==== Data for this task

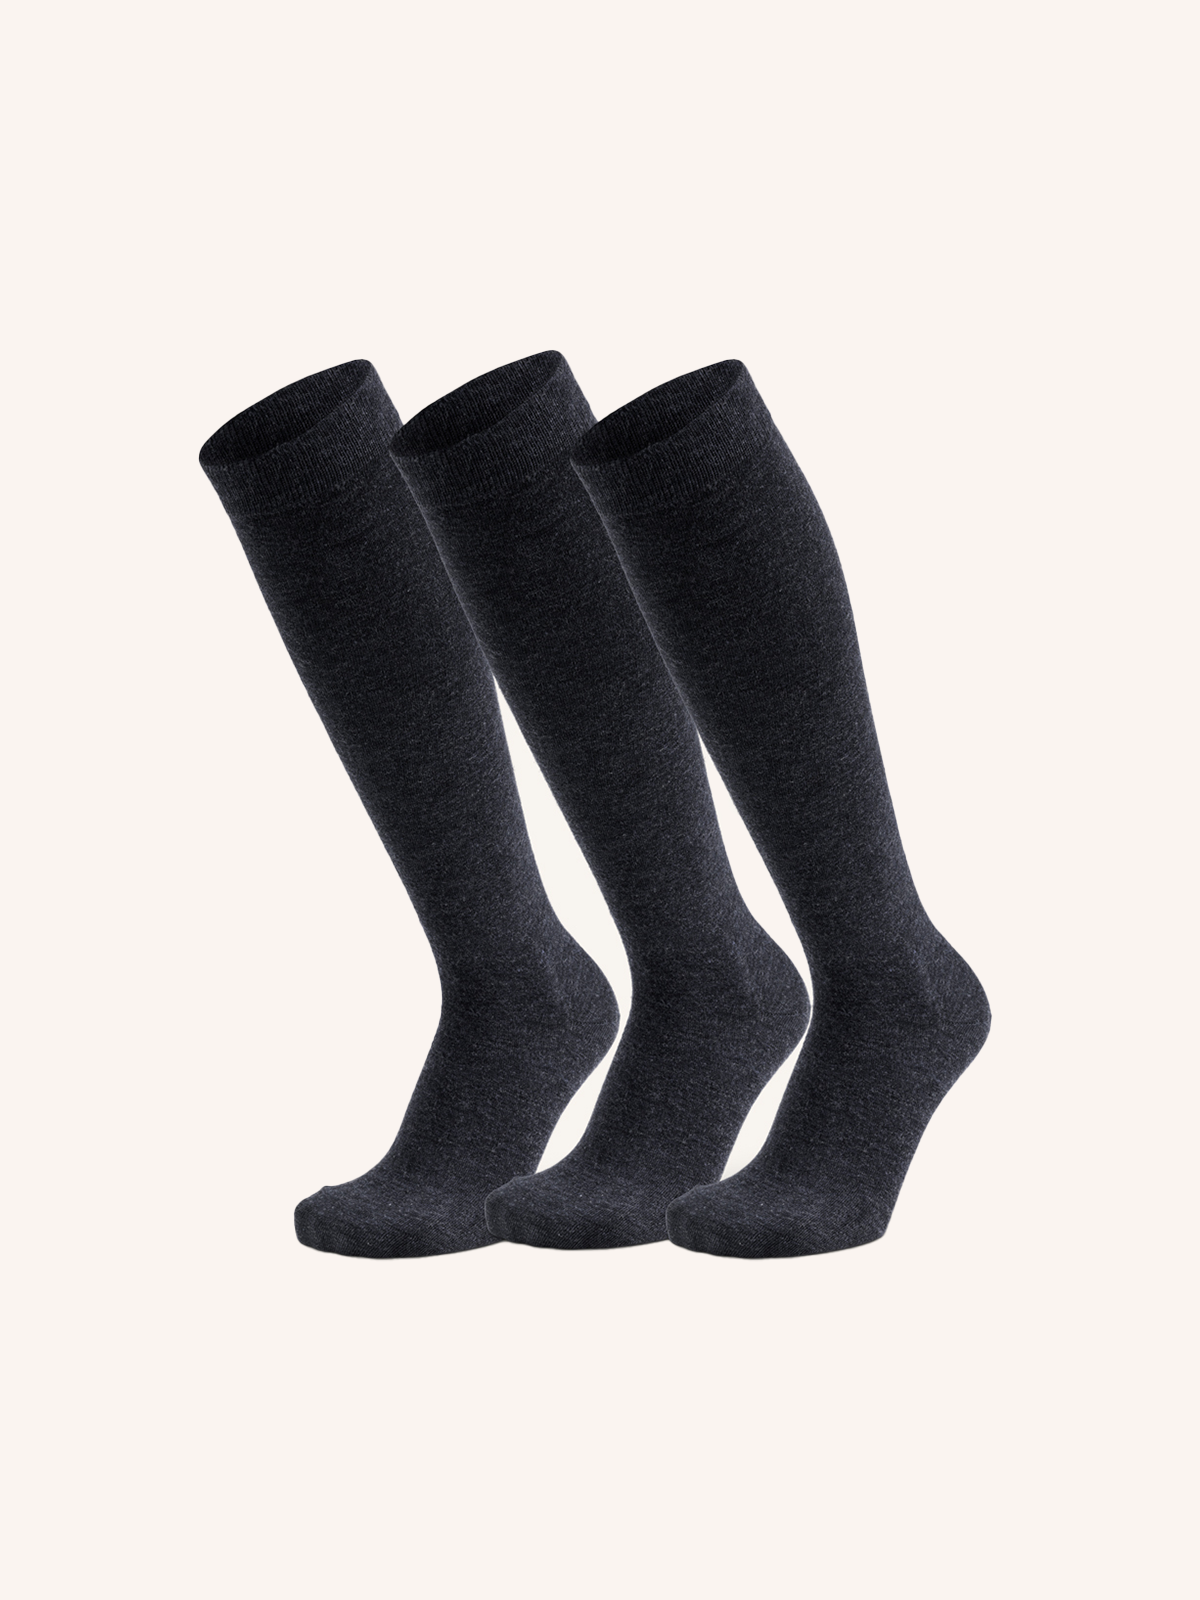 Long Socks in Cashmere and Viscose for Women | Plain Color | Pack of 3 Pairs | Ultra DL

========
==== Data for this task

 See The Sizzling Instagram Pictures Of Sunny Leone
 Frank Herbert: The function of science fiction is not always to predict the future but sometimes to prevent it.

========
==== Data for this task

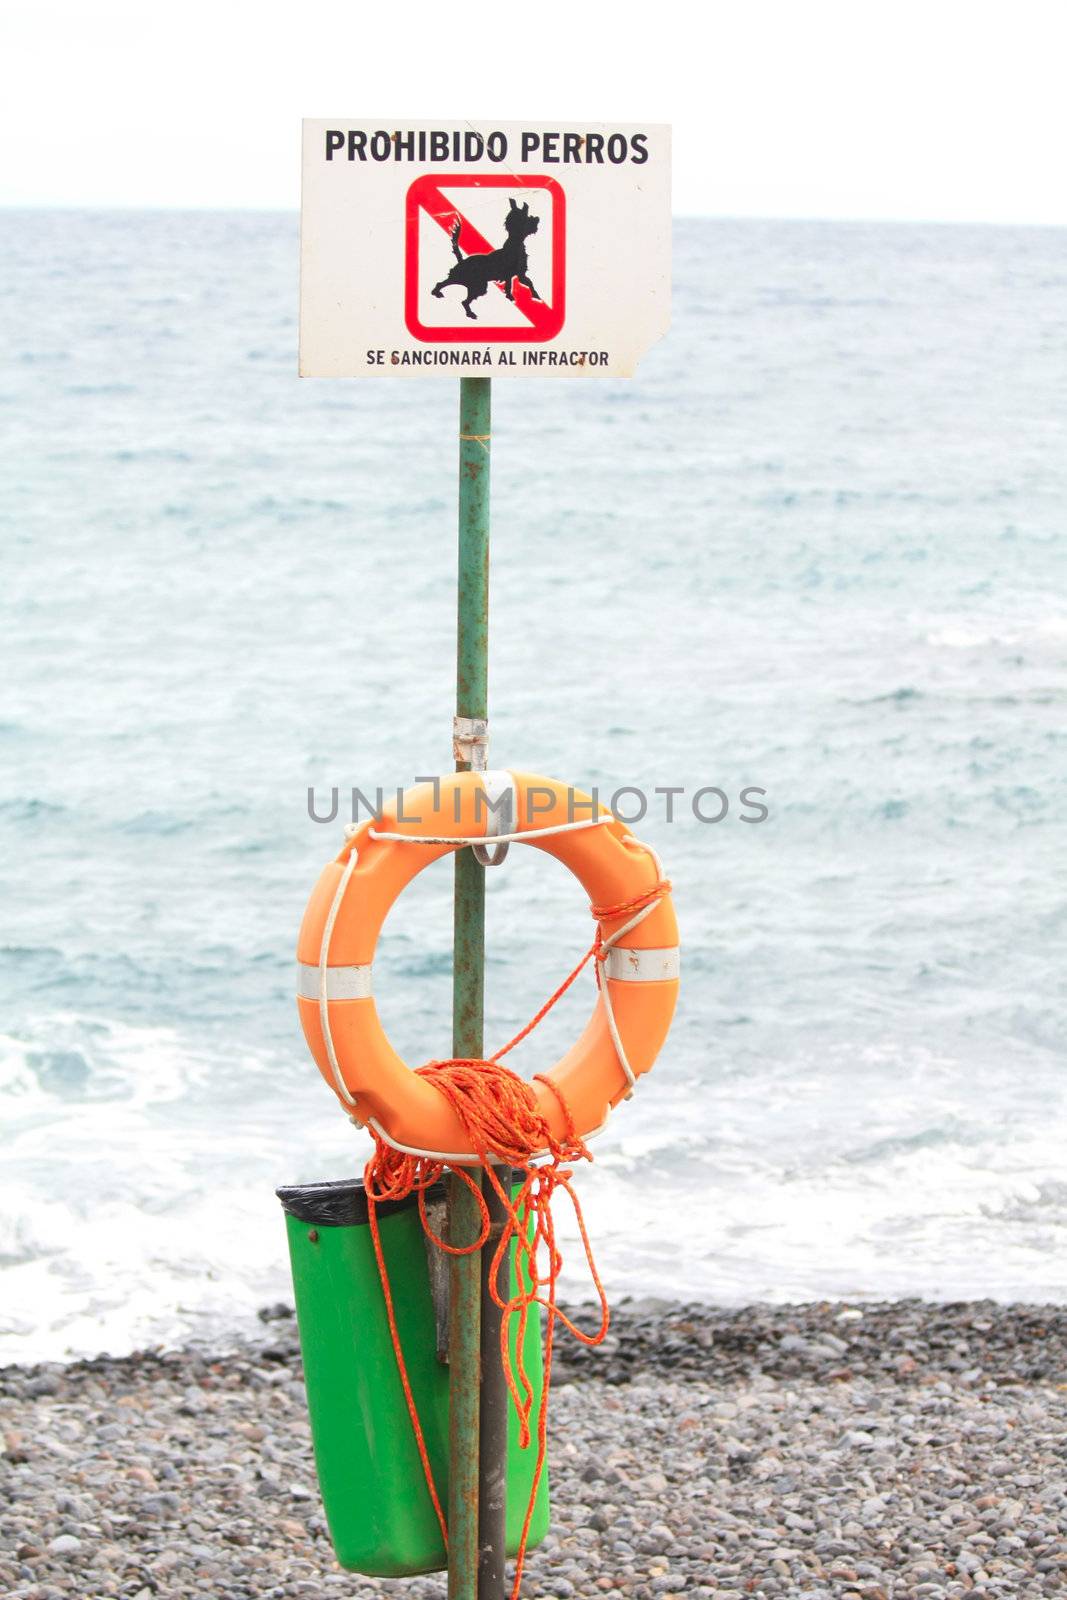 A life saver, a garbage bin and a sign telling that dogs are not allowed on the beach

========

About this exercise:
Please output exactly the lines between the one holding "See The Sizzling" and the one holding "Frank Herbert: The" in the records above, inclusive, and nothing more.

Reply:
 See The Sizzling Instagram Pictures Of Sunny Leone
 Frank Herbert: The function of science fiction is not always to predict the future but sometimes to prevent it.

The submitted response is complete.